Before any ballots were cast, opposition leaders and independent rights groups said the vote was already skewed by years of violence and intimidation.

"I think we all agree on all benchmarks this is not going to be a free and fair election," opposition leader Morgan Tsvangirai (search) said as he voted in a Harare suburb.

Encouraged by a marked drop in violence against the opposition in recent weeks, he remained optimistic that his Movement for Democratic Change (search) party could muster enough support to overturn Mugabe's Zimbabwe African National Union-Patriotic Front (search).

Mugabe said he was "entirely, completely, totally optimistic" of victory, saying he only voted to increased his party's margin of success. He also dismissed the opposition's fears of fraud and said, "Everybody has seen that these are free and fair elections."

Mugabe accuses British Prime Minister Tony Blair (search) and other Western leaders of backing the 6-year-old MDC, the first party to seriously challenge his rule. He dubbed Thursday's vote the "anti-Blair election" and MDC supporters "traitors."

The opposition counters that Thursday's election is about Mugabe's own failings after nearly 25 years in power.

Zimbabwe's economy has shrunk 50 percent over the past five years. Unemployment is at least 70 percent. Agriculture — the economic base of Zimbabwe — has collapsed and at least 70 percent of the population live in poverty.

Opposition leaders blame the country's economic troubles on the government's often violent seizure of thousands of white-owned commercial farms for redistribution to black Zimbabweans.

Mugabe defends the program as a way of righting racial imbalances in land ownership inherited from British colonial rule and blames food shortages on years of crippling drought.

"My vote today will be a vote for Zimbabwe's sovereignty," said Thomas Mseruka, a 46-year-old carpenter and ardent government supporter in Harare.

At stake Thursday were 120 elected parliamentary seats. Mugabe appoints an additional 30 seats, virtually guaranteeing his Zimbabwe African National Union-Patriotic Front party a majority.

Under mounting international pressure, Mugabe promised this year's balloting would be free and fair.
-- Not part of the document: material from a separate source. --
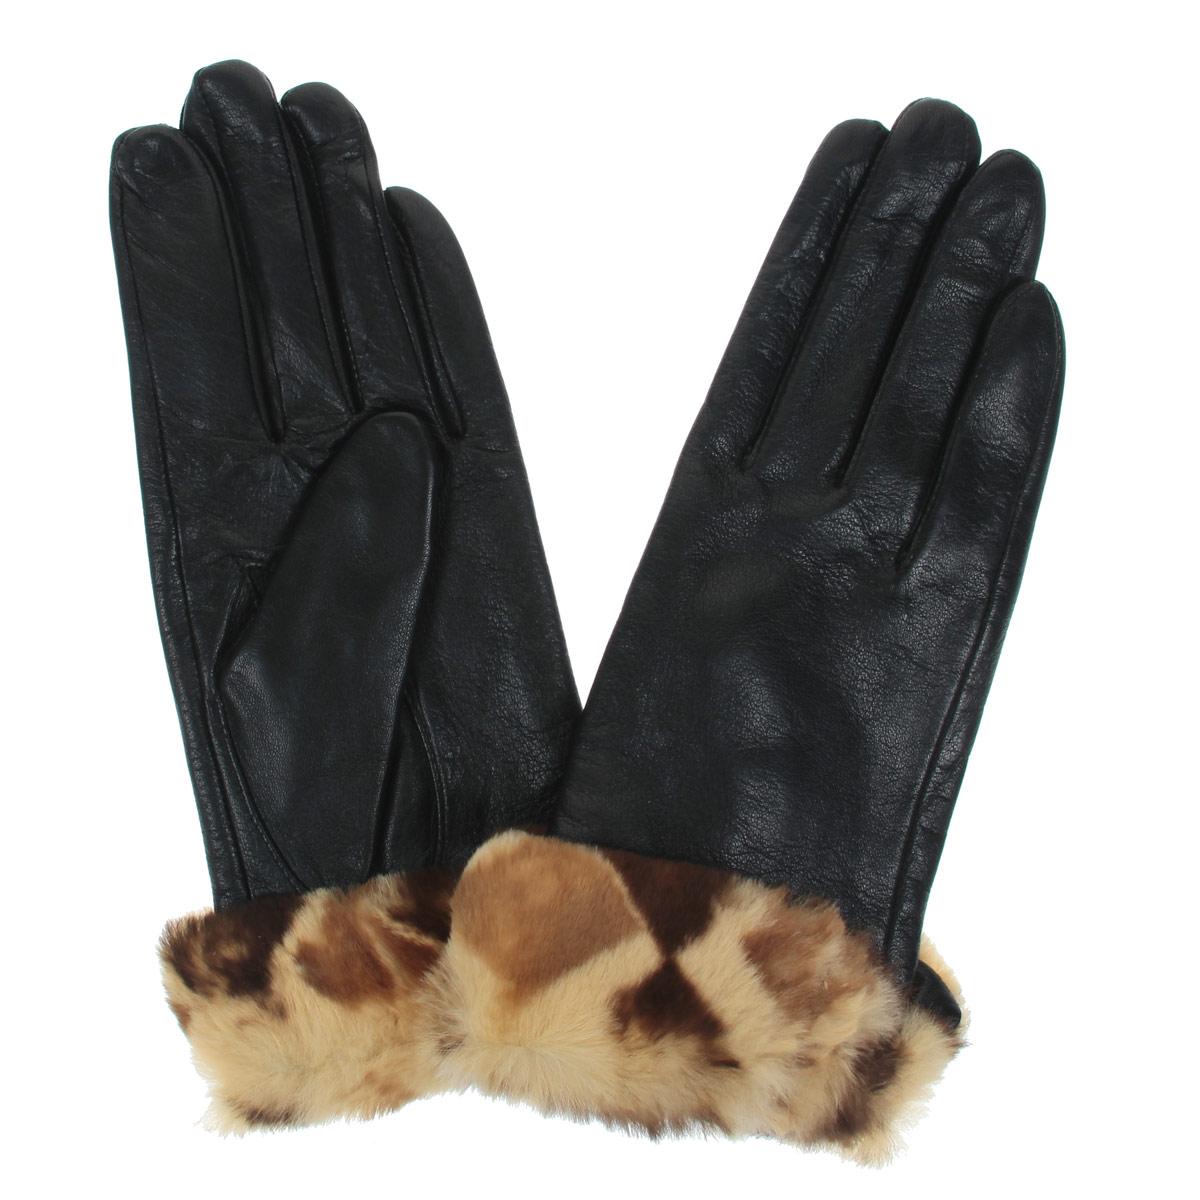 Перчатки женские Falner, цвет: черный, бежевый. L-20. Размер 6,5L-20Стильные женские перчатки Falner заинтригуют любого мужчину и заставят завидовать любую женщину. Они не только защитят ваши руки от холода, но и станут великолепным украшением. Модель изготовлена из мягкой натуральной кожи с флисовой подкладкой. Изделие оформлено отворотом, декорированным мехом кролика. На внешнем боку имеется небольшой разрез. Перчатки являются неотъемлемой принадлежностью одежды, вместе с этим аксессуаром вы обретаете женственность и элегантность. Они станут завершающим и подчеркивающим элементом вашего неповторимого стиля и индивидуальности.

The MDC, however, complained that a number of its election observers were turned away from polling stations. Mugabe's government also hand-picked foreign observers, barring groups that were critical of previous polls.

Some 5.8 million of Zimbabwe's nearly 12 million people were registered to vote. But up to 3.4 million Zimbabweans who live overseas — many of whom are believed to be opposition supporters — were barred from casting ballots.
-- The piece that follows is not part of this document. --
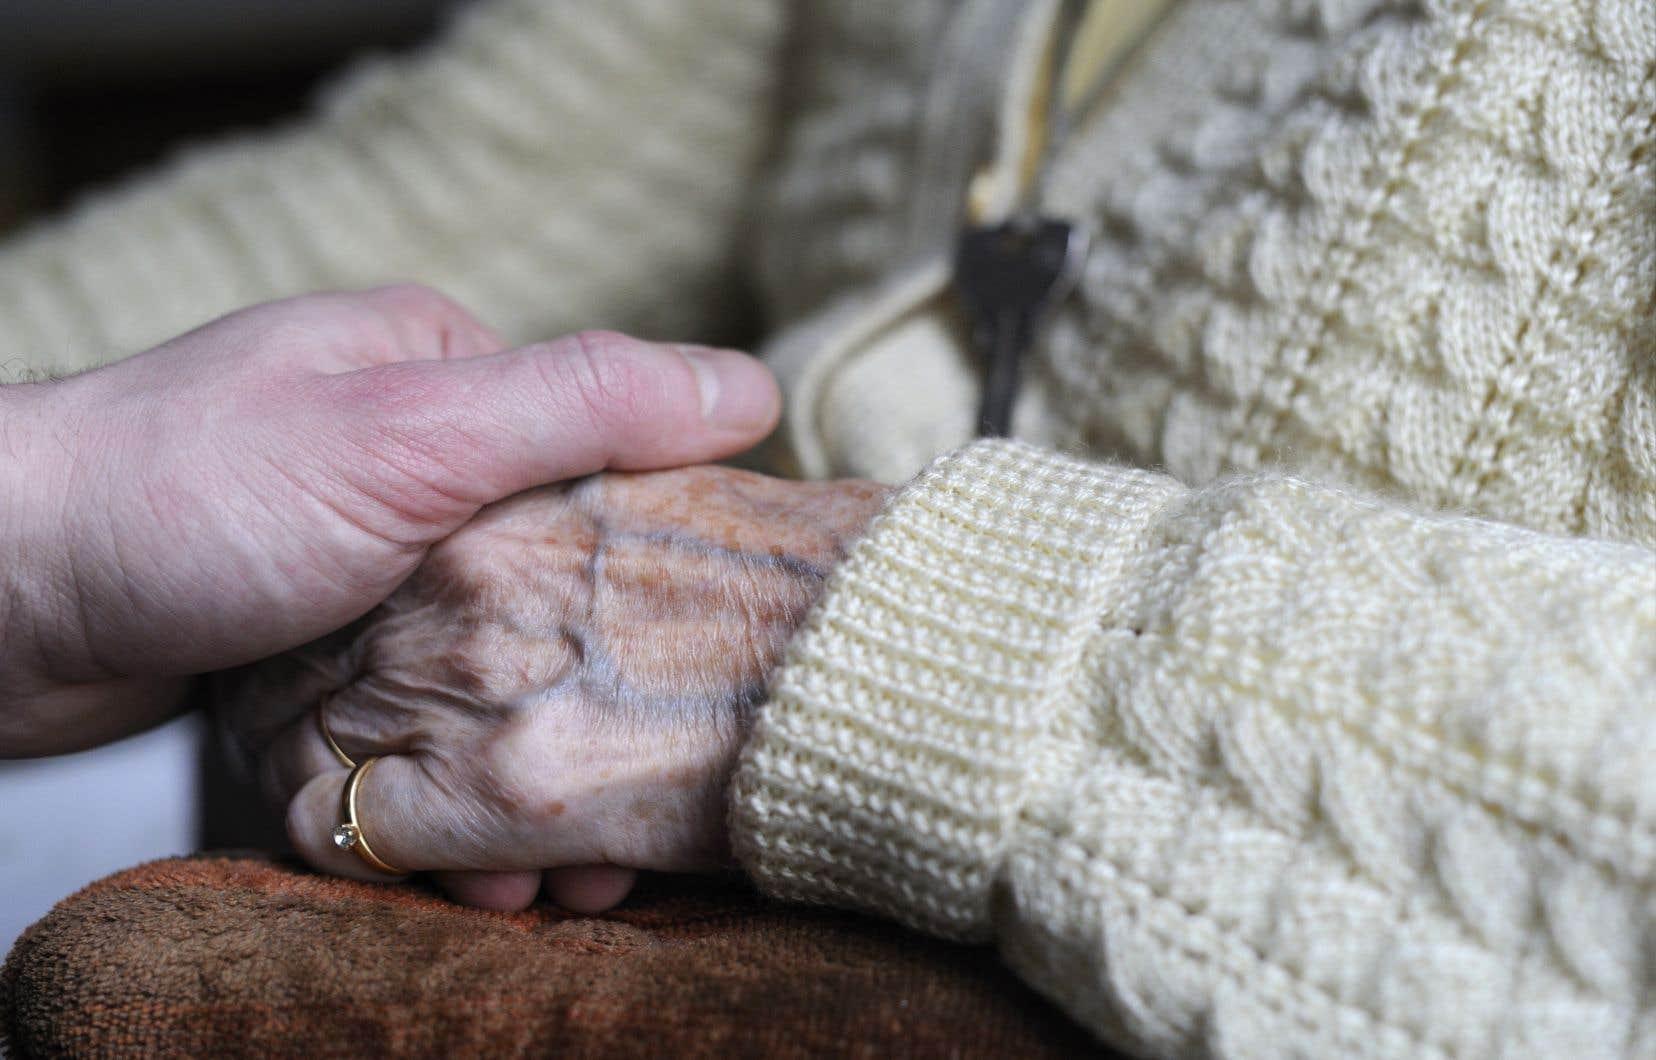 Il est urgent d'adapter notre filet social pour rendre possible l'adoption d'une nouvelle philosophie du vieillissement, fait valoir l'autrice.

MDC won 57 of Parliament's 120 elected seats in the last parliamentary election in 2000, despite what Western observers called widespread violence, intimidation and vote rigging. But it has lost six seats in subsequent by-elections.

In 2002, MDC leader Tsvangirai narrowly lost an equally flawed presidential poll.
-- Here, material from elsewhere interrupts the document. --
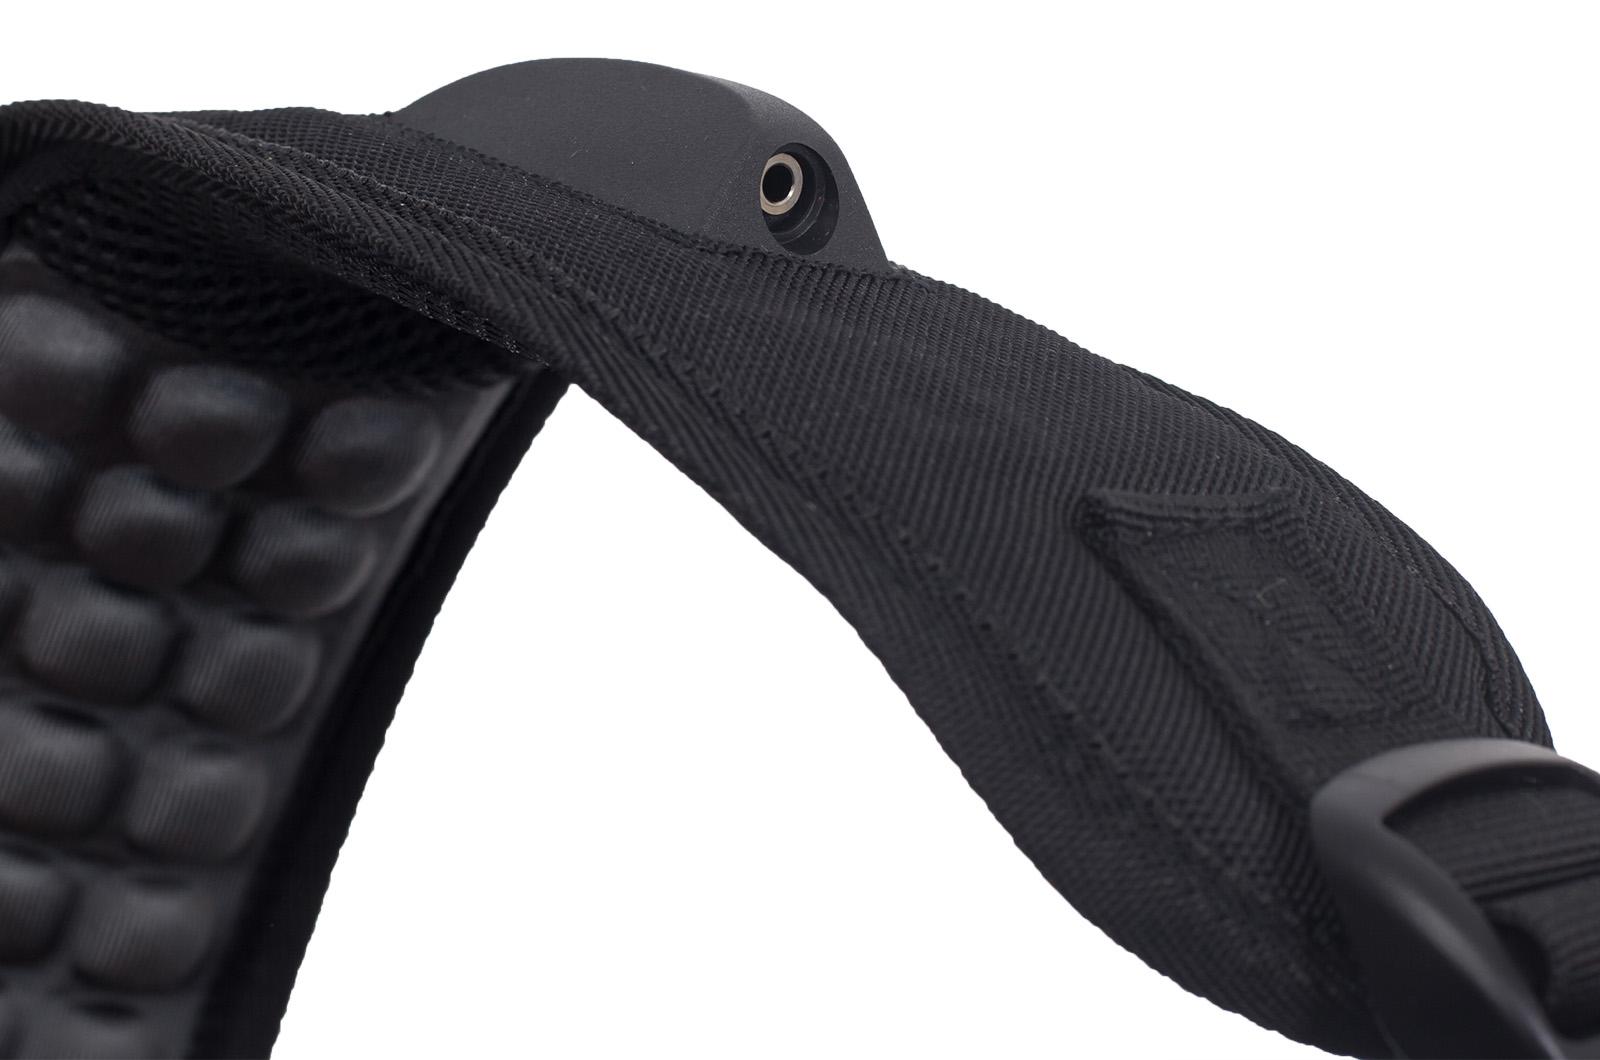 Удобный черный рюкзак с военной нашивкой Погранслужбы - заказать в подарок

Opposition leaders and rights groups said intimidation remained high leading up to Thursday's vote. Residents in drought-stricken rural areas were told they could forfeit desperately needed food aid if they voted for the opposition, rights groups said.

Anne Kwenzi, a first-time voter at age 21, said she put her ballot in the box without marking it because she heard her vote was not secret. Elsewhere, police and electoral officials were seen entering voting booths with some voters.